Array delivers its all-virtual care through three service lines. Those include OnDemand Care, which brings one-time telepsychiatry services to patients in facilities such as emergency departments (EDs); AtHome Care, which delivers services to patients in the privacy of their homes or other places; and Scheduled Care, which assigns a single clinician or a group of clinicians to serve a regular caseload during scheduled hours at various community organizations.

Array provides care to a diverse population of patients, from those in hospitals, care homes and clinics to individuals in residential care facilities, at colleges and universities, on Native American tribal lands and at correctional facilities.

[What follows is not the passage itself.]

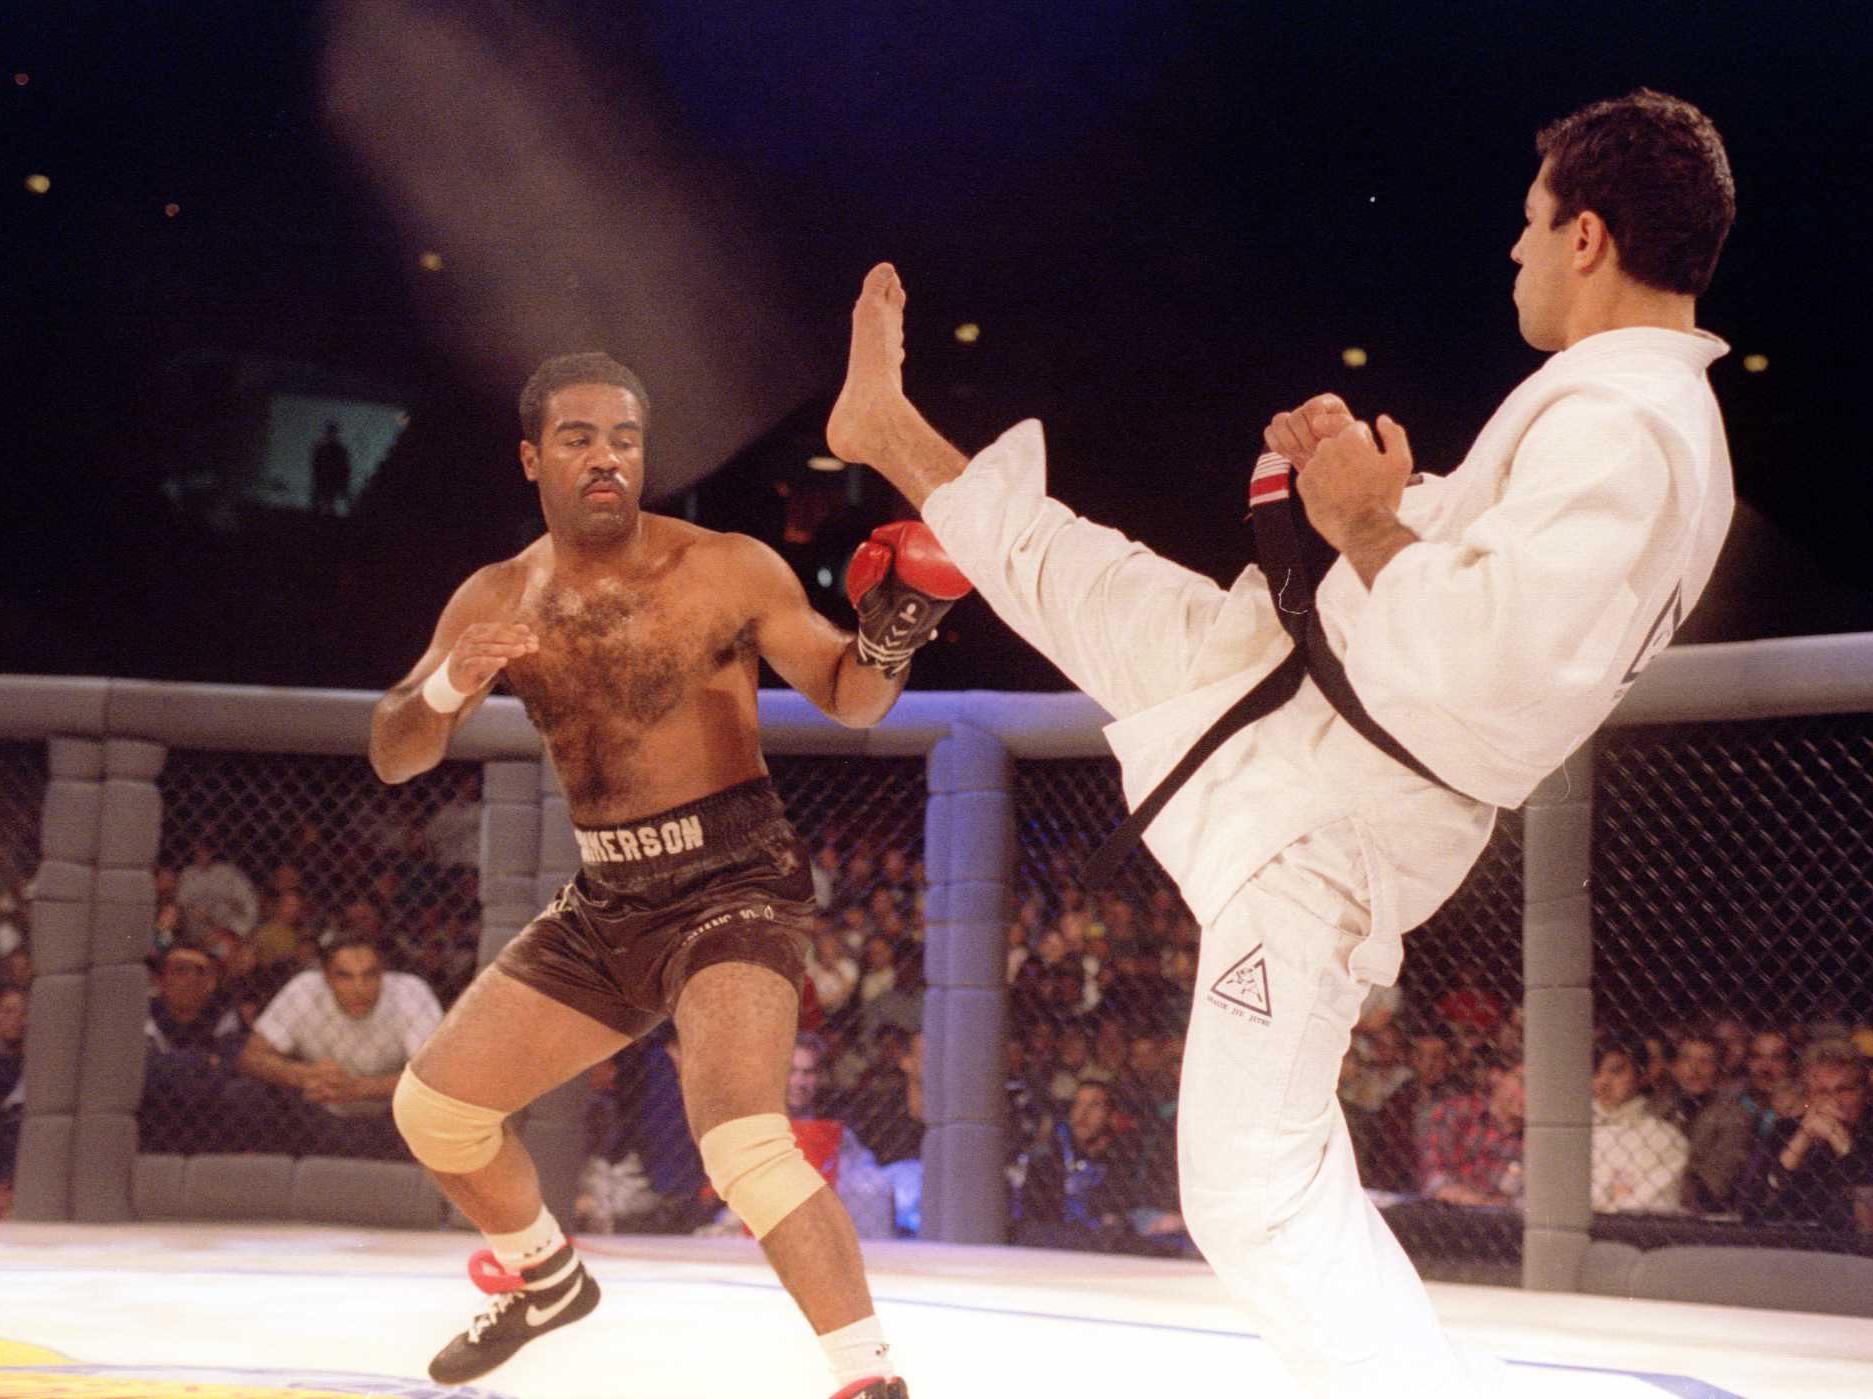 Jimmerson (left) in action against jiu-jitsu specialist Royce Gracie at UFC 1

“We have multiple kinds of services and delivery mechanisms that allow us to move from the most acute point in that continuum [of a patient’s care] to the least acute,” Boyce said. “We see value in providing additional continuity and consistency in how the services are delivered as a patient moves through that continuum.”

While the digital behavioral health space has exploded as of late, Boyce said he still remembers the early days of Array, when many people were skeptical about behavioral health’s ability to be effectively delivered by virtual means.

“For the first five or six years that I worked in this space, I spent the majority of my time trying to convince folks that this was an acceptable and reliable means of delivering services,” he said.

He kept the faith by leaning into literature supporting telehealth. And then finally, people started to catch on.

“Five years or so ago, I felt a light switch go off,” Boyce recalled. “I said, ‘They get it. It just makes a lot of sense.’”

COVID-19 has supported that logic even further.

Telehealth has become critical as the pandemic has necessitated social distancing measures to reduce the spread of the virus. On top of that, telehealth has been regarded as a potentially novel way to close the workforce shortage gap in behavioral health, particularly as some cross-state restrictions have been waived due to the pandemic and calls to make such waivers permanent have grown.

“[Telehealth] is… clinically validated and accepted,” Boyce said. “Within the last year, that has… become more obvious.”

Array’s evolution, growth plan

In December 2019, the company — which was still known as InSight at that time — merged with Chicago-based Regroup Telehealth to become InSight + Regroup, forming the nation’s largest telepsychiatry provider. This January, the combined company rebranded itself as Array Behavioral Care.

“I think we were all looking for a bit of a renewal,” Boyce said. “We wanted a brand that represented the diversity of the services that we offer, the diversity of people that we serve and the clinicians that we work with. We all really quickly lobbied around the name Array.”

Since its merger, Array has hired more than 320 new clinicians. Array’s team currently provides services for individuals in over 40 states, and Boyce said the company is looking to be in all 50 by next year.

To help make it happen, Array recently scored a $24 million growth investment from Wells Fargo Strategic Capital, Health Velocity Capital and other existing investors.

“We think we’ve found some great partners that bring not just capital to the equation, but … expertise and strategic value,” Boyce said. “We’re really focused on using [the funding] to pursue new opportunities, to finetune some of our systems and platforms that we operate on and [to] ultimately get our services to as many people as possible.”

And as telehealth continues to become more popular across the behavioral health landscape, Array plans to cement its place as a pioneer — and powerhouse — in the space.

“We’re targeting more than 30% growth this year, and probably even more growth in the years after that,” he said. “It’s about putting those resources in the right places that are going to help us.”